When and why should I use a namedtuple instead of a dictionary? [duplicate]

In dicts, only the keys have to be hashable, not the values. namedtuples don’t have keys, so hashability isn’t an issue.

However, they have a more stringent restriction — their key-equivalents, “field names”, have to be strings.

Basically, if you were going to create a bunch of instances of a class like:

class Container:
    def __init__(self, name, date, foo, bar):
        self.name = name
        self.date = date
        self.foo = foo
        self.bar = bar

mycontainer = Container(name, date, foo, bar)

and not change the attributes after you set them in __init__, you could instead use

Container = namedtuple('Container', ['name', 'date', 'foo', 'bar'])

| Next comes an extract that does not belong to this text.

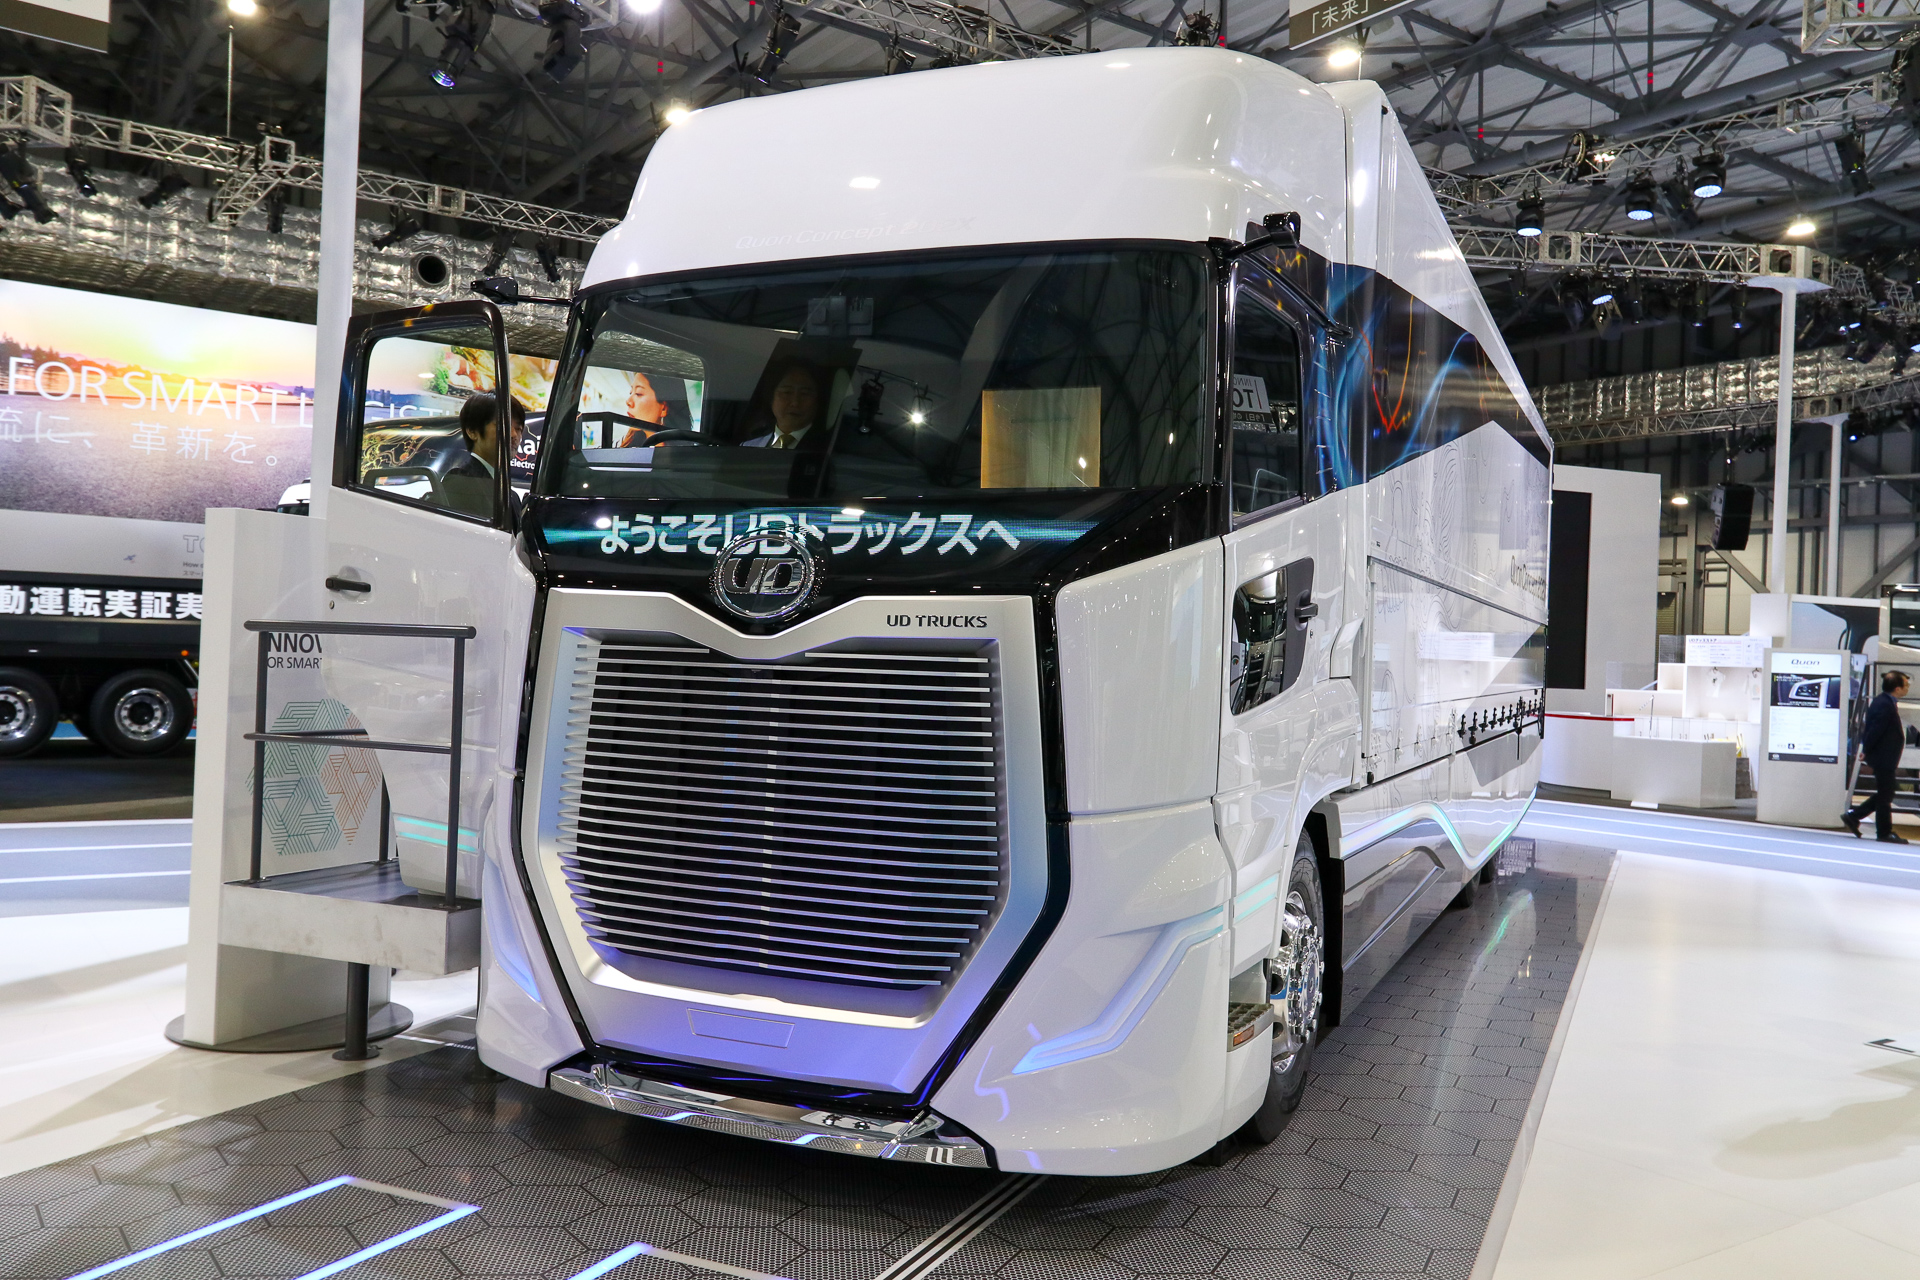 【東京モーターショー 2019】UDトラックス、202X年を想定したコンセプトトラック「Quon Concept 202X」を世界初公開

mycontainer = Container(name, date, foo, bar)

as a replacement.

Of course, you could create a bunch of dicts where you used the same keys in each one, but assuming you will have only valid Python identifiers as keys and don’t need mutability,

mynamedtuple.fieldname

is prettier than

mydict['fieldname']

and

mynamedtuple = MyNamedTuple(firstvalue, secondvalue)

is prettier than

mydict = {'fieldname': firstvalue, 'secondfield': secondvalue}

Finally, namedtuples are ordered, unlike regular dicts, so you get the items in the order you defined the fields, unlike a dict.